:: Directions for this task ::
Somewhere below is a line with "More Lego Batman" and, later, a line with "Rétablir la liberté d'expression en France"; repeat those two lines and all the lines between them, exactly as they are.

:: Stored data ::
○ ○ ○ ○

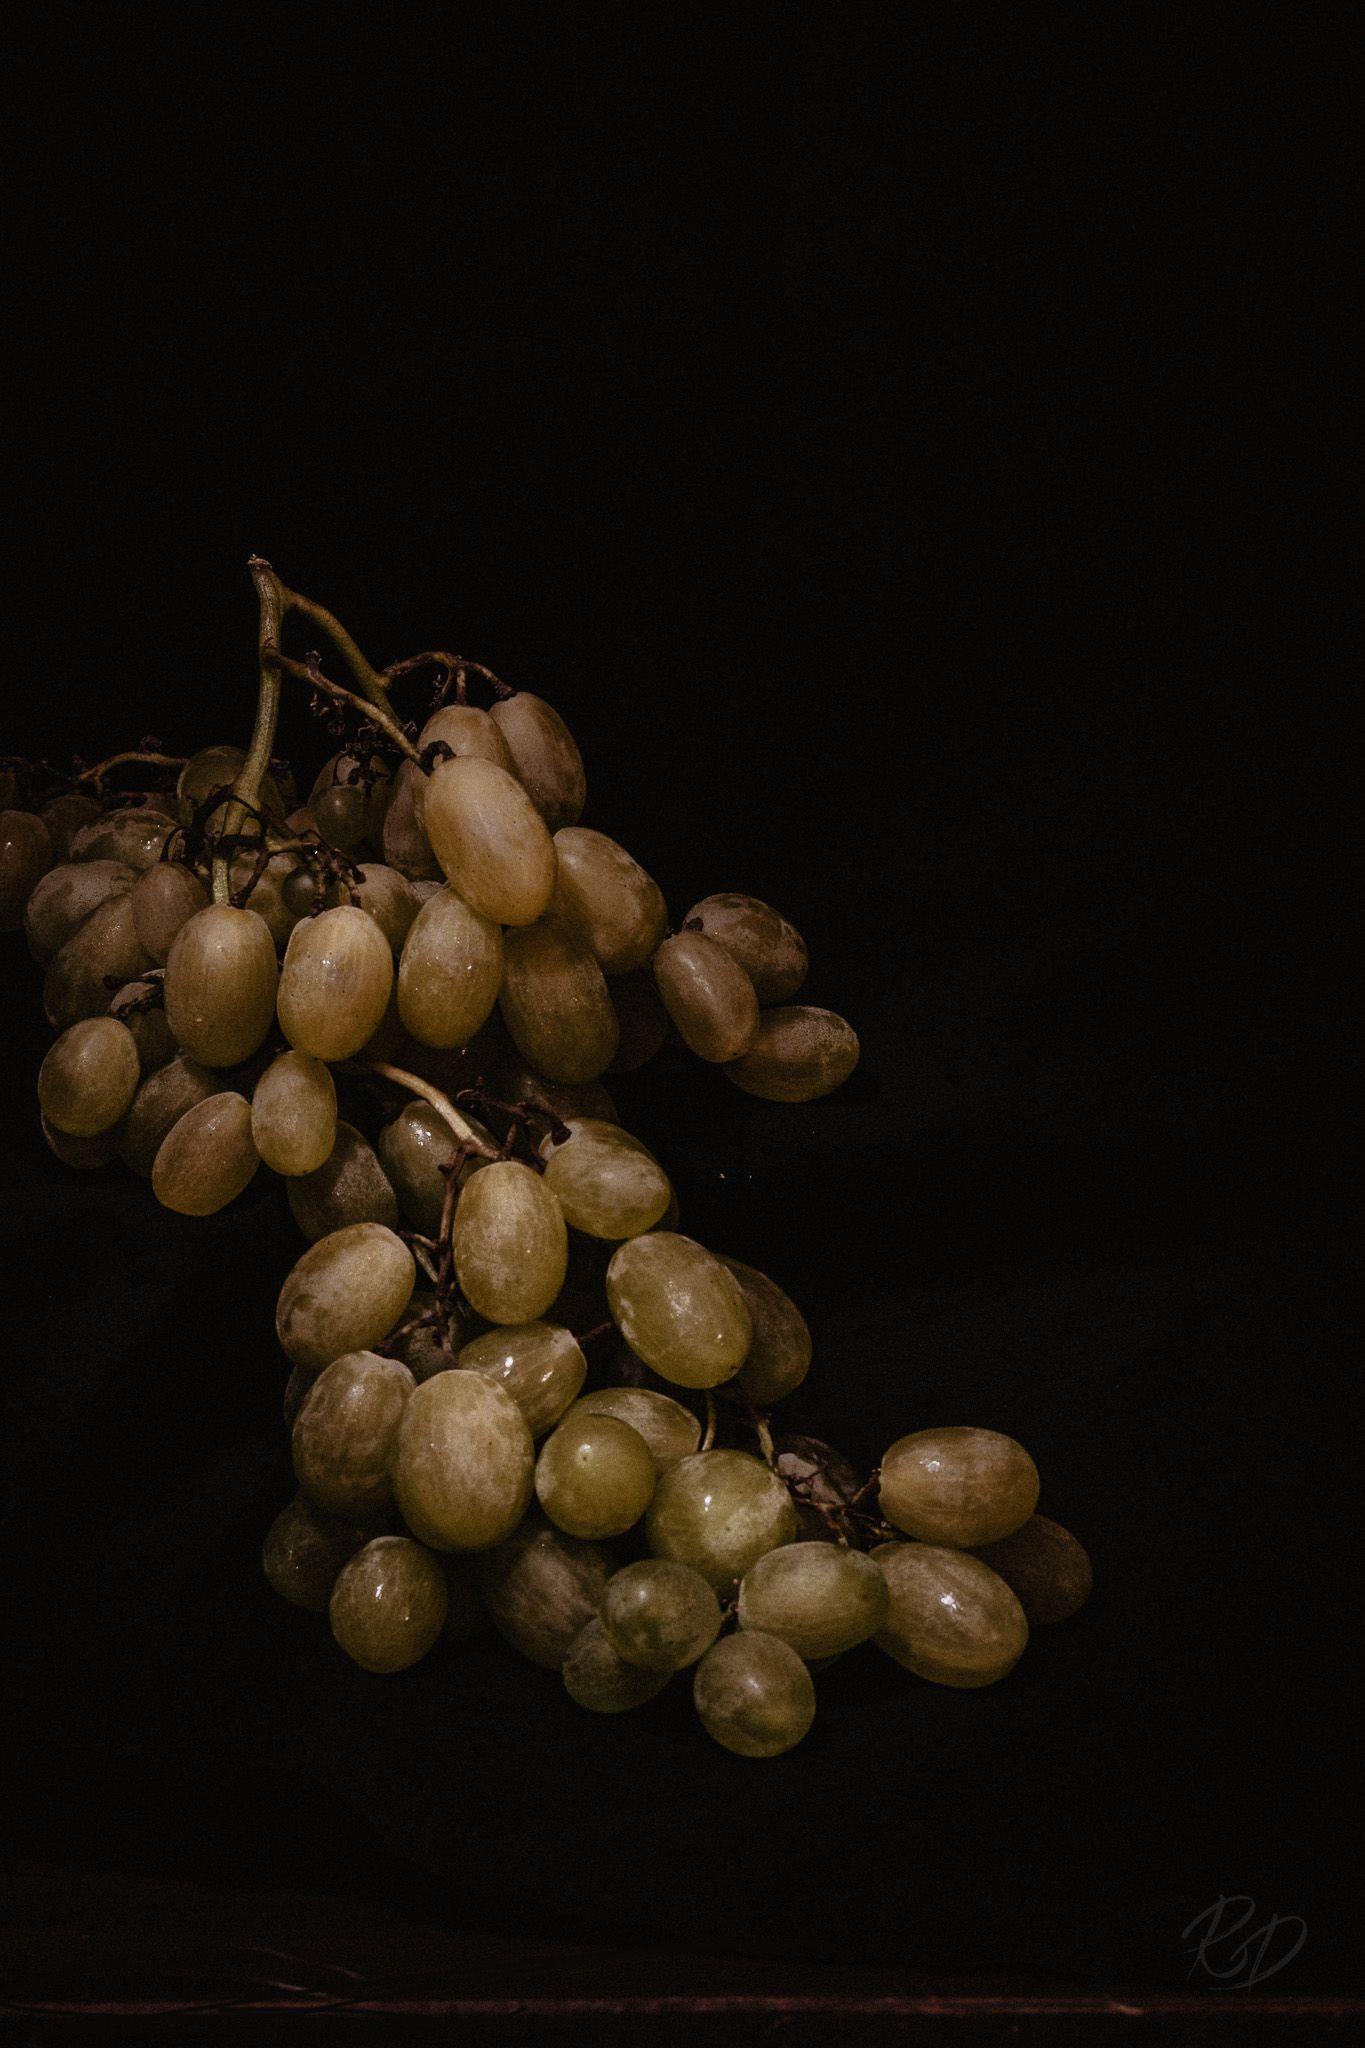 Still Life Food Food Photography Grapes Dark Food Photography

○ ○ ○ ○

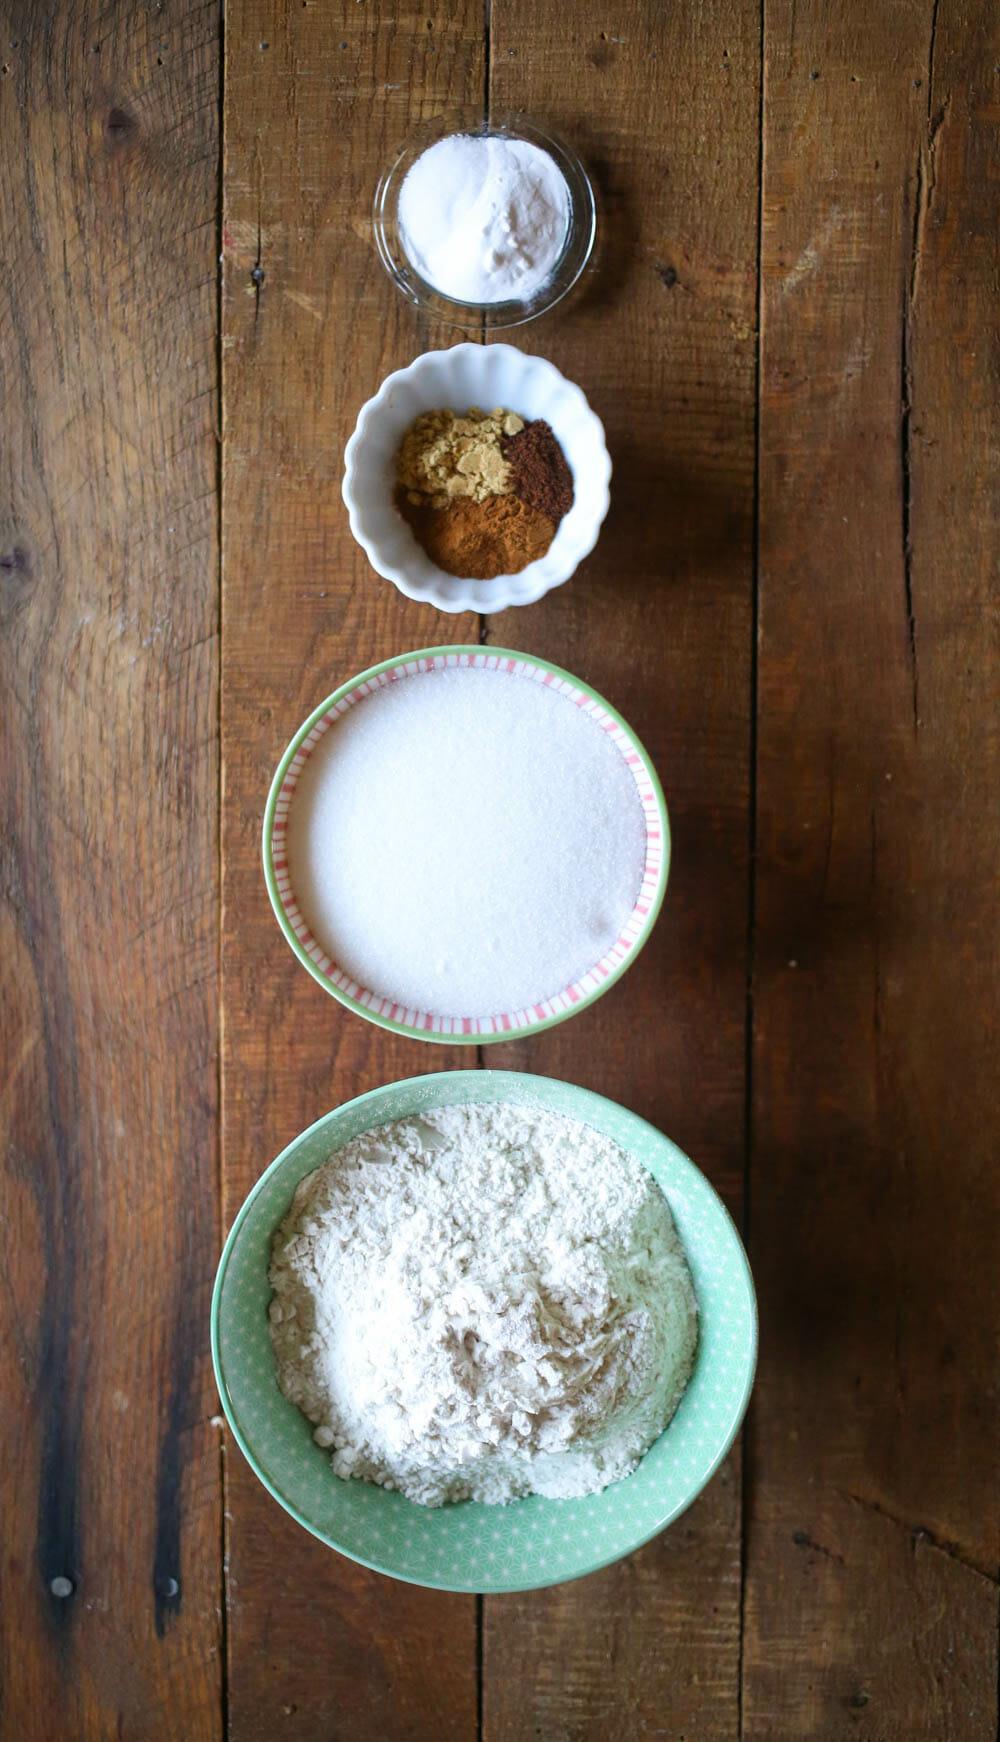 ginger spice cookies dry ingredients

○ ○ ○ ○

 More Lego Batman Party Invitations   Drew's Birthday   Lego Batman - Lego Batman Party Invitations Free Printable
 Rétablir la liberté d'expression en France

○ ○ ○ ○

:: Response box ::
 More Lego Batman Party Invitations   Drew's Birthday   Lego Batman - Lego Batman Party Invitations Free Printable
 Rétablir la liberté d'expression en France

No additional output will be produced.